The following comprehensive data were used in the sequential evaluation: (1) a digital land use map 
for the year 2010 provided by the Chinese Ministry of Environmental Protection. The dataset was 
retrieved from the interpretation of remote-sensing data and field surveys with a validated overall 
accuracy exceeding 90%; (2) a digital elevation model (DEM) with 30 m resolution (Figure 2a), 
administrative division, and drainage maps, supplied by the Environmental Science Research Institute 
of Zhejiang Province; (3) historical water quality monitoring records, reservoir storage capacity and 
age information supplied by the Zhejiang Environmental Protection Bureau; (4) annual socio-economic 
data extracted from the Zhejiang Statistical Yearbook (2010) [20]; (5) meteorological records, obtained 
from the China Meteorological Data Sharing Service System; (6) map of ecological function zoning in 
Zhejiang Province.

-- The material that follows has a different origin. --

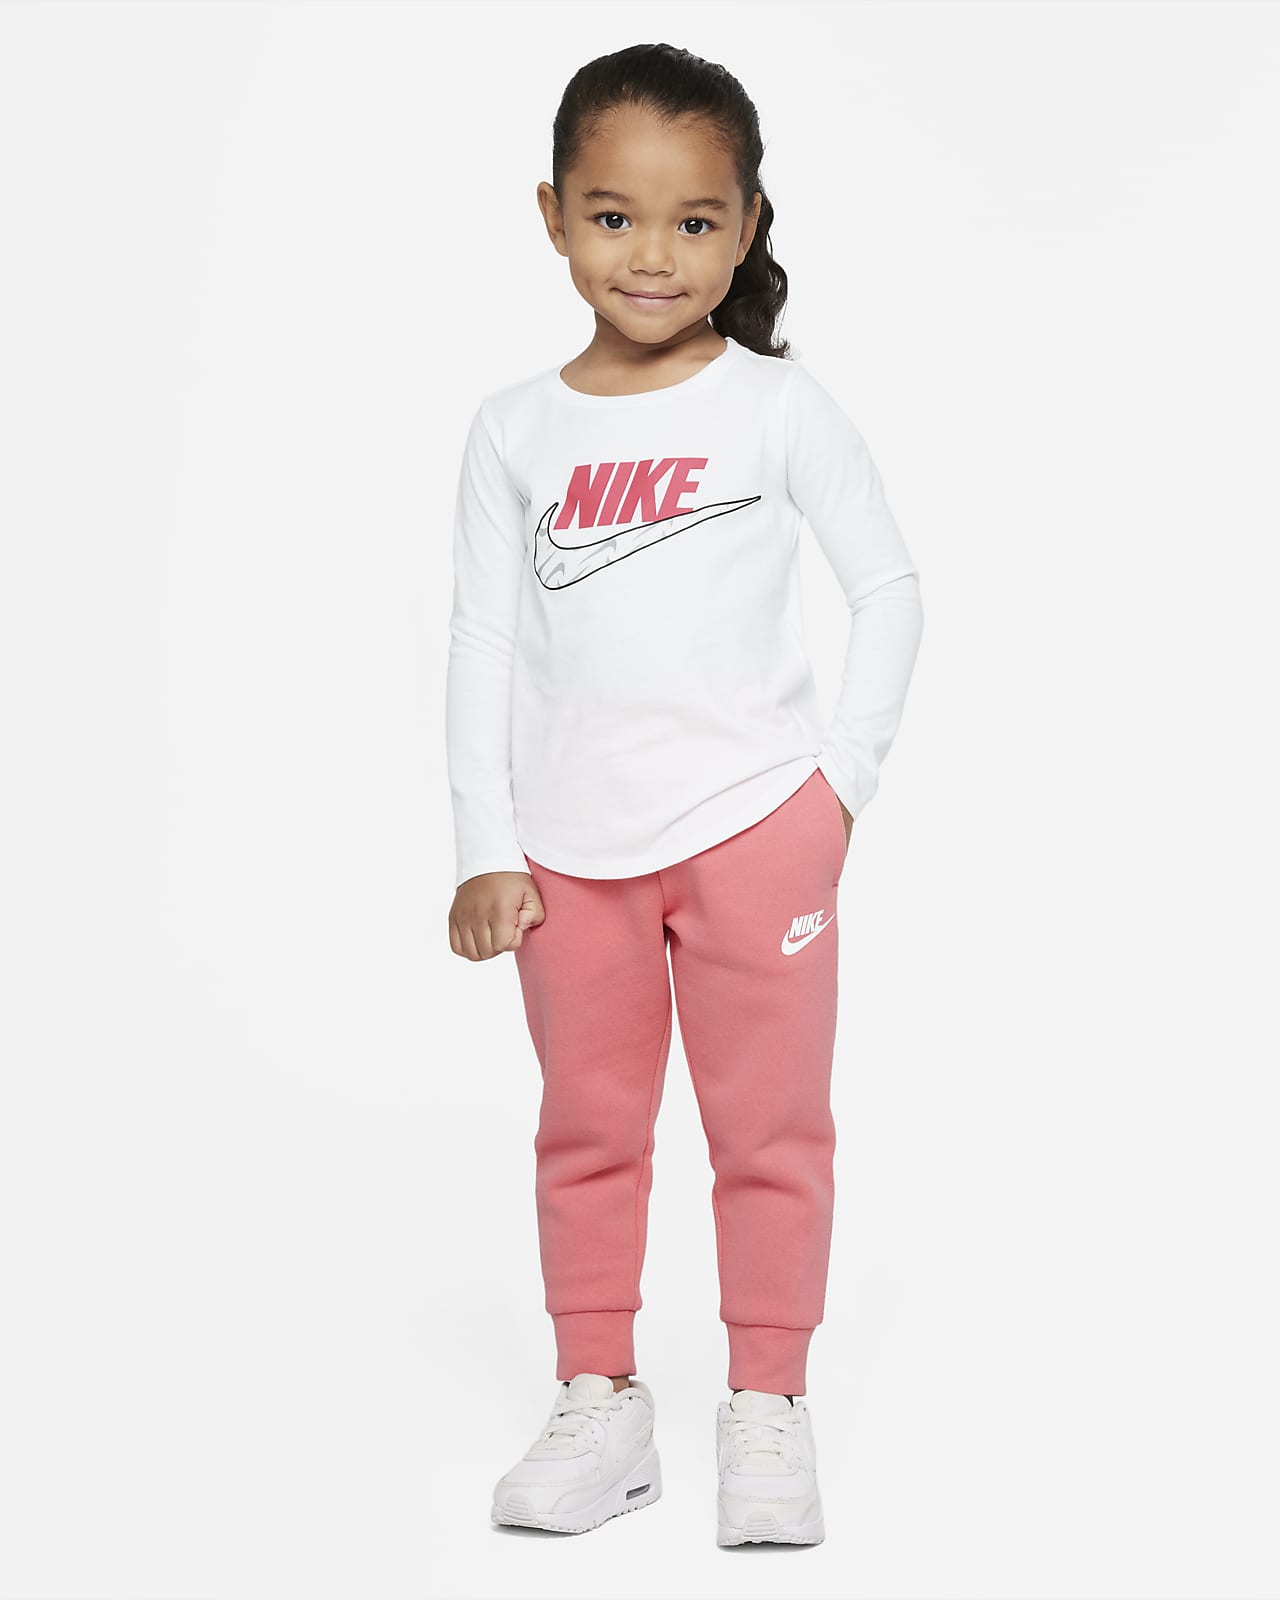 Club Toddler Nike Pants. Sportswear Fleece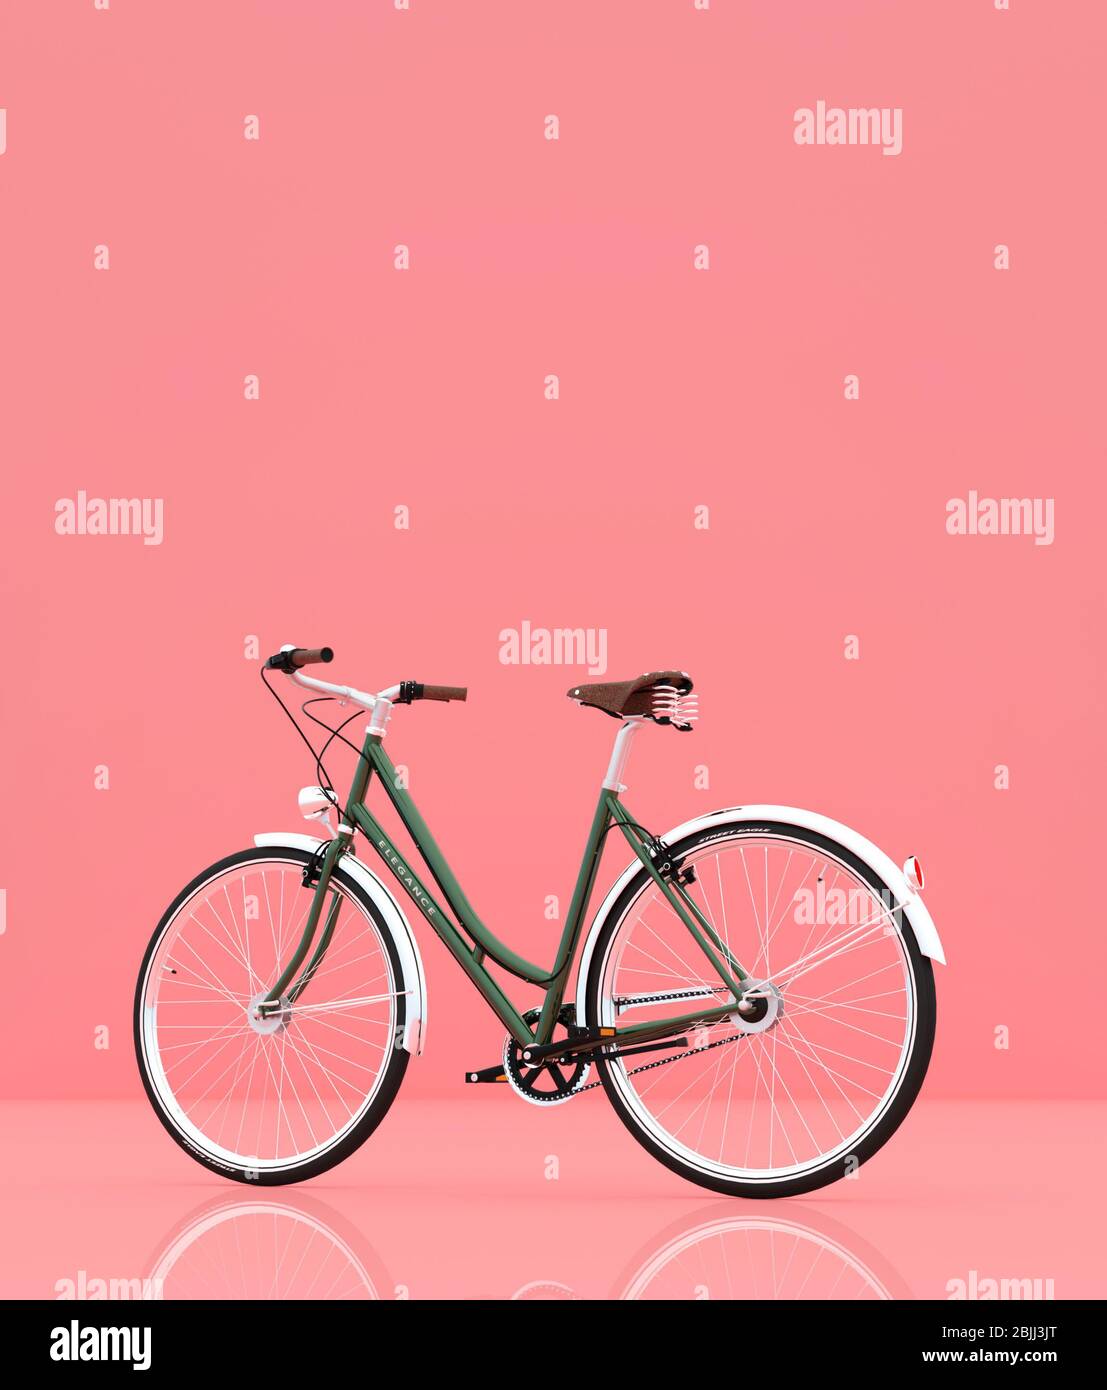 Fahrrad auf Pastell-Farbe Hintergrund, 3d-Rendering Stockfotografie - Alamy

According to the ecological function zoning, the provincial terrestrial area is 
divided into five ecological function zones: southwest mountainous zone (I), northwest mountainous 
hilly zone (II), northeast plain zone (III), eastern coastal zone (IV) and central hilly basin zone (V) 
(Figure lb). 

Source data were further processed by the following steps: (1) watershed boundaries were 
delineated using the DEM in the Hydrology module of ArcGIS 9.3, assisted by the drainage map 
(Figure 2b); in this process, the parameter of flow accumulation for segmentation was 4,000, the 
minimum number of cells for a stream was 1,000, and the minimum number of cells for a basin was 
2,000; (2) meteorological data were interpreted using the Kriging method; (3) the geo-reference of all 
layers was unified with the Universal Transverse Mercator (UTM) grid system, WGS_1984 geodetic 
datum; and (4) the watershed boundary map was overlaid on all other layers to compute parameters 
within the watersheds using ArcGIS.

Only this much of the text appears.